A bottle of Brandy or small package of Tobacco can buy several sheep; their primary trade is in cattle skin. Her people are of short in statue and fierce, the Dutch people could not bring them under their rule, so they shot them whenever they see them. This was the message that was displayed about her origin on 9 January 1811. This evil cruelty of exhibiting human beings was well established in Europe at this time and historians have argued that this is at first how Sara was displayed. Sara never allowed herself to be exhibited without clothes on her body and an account of her appearance in London in 1810 makes it clear that she used to put on her clothes, even though it was tight-fitting one.

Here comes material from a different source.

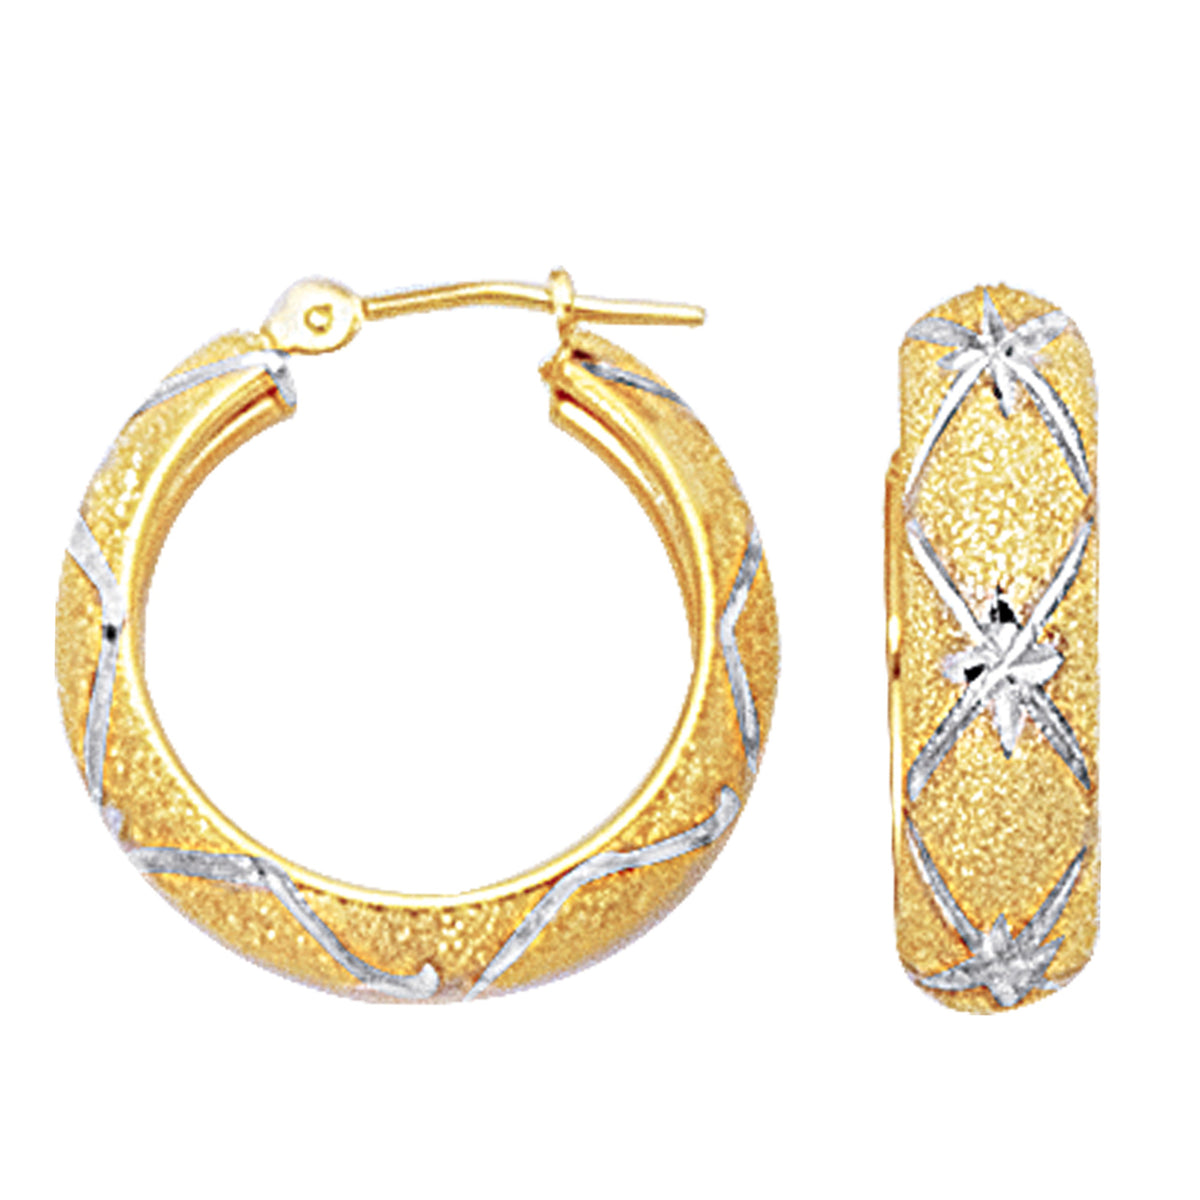 Pendientes de aro redondos texturizados con corte de diamante en oro blanco y amarillo de 10 quilates en 2 tonos, joyería fina de diseño de 22 mm de diámetro para hombres y mujeres

Fortunately her exhibition in London came few years after the passing of the 1807 slave trade Act, which abolished the slave trade, created a scandal. Many Britons were unhappy about a Dutchman settler exhibiting a slave woman in their country. A society which called itself British abolitionist society, the African Association, conducted a newspaper campaign for her release. They protested for her to be freed while her man Hendrik argued that she was entitled to earn a living, he even compared her to an Irish Giant or a dwarf. Her matter was even taken to court by African Association on 24 November 1810.
She was then questioned before an attorney in Dutch, in which she was fluent, via an interpreter. The interview was criticized because it only focused in the role that her man played in bring her, ignoring the role of Dunlop who was the mastermind behind her degrading. During the interview, her man was not allowed to be in the same room while the mastermind was present throughout the interview. As the results of this, historians have argued the truthfulness and fairness of her interview where she said forced to come to London and she didn’t wish to return to her family and understood that she was guaranteed half of the profits she acquired during her exhibition. The court failed to stop her abusers as the results of her willingness to do it. After that she was exhibited all over England.
Fast forward, a man by the name of Henry Taylor took her to France at around September 1814. Taylor then sold her to an animal trainer, S Reaux, who exhibited her under more unpleasant conditions for 15 months at the Palais royal. In France she was fully enslaved unlike in England and South Africa. In Paris, her exhibition became more clearly associated with scientific racism. French scientists wanted to know about whether she had something that earlier naturalists observed in Khoisan people at the Cape. She was the subject several scientific paintings in March 1815. These scientists wanted her to remove her clothes but refused even if she was promised to be paid money by one attending scientists. Her refusal was in accordance with her cultural norms of modesty. They treated her like an animal; there is evidence that at one point a collar was placed around her neck. She died on 29 December 1815 at the age of 40, her death is suspected of possible smallpox.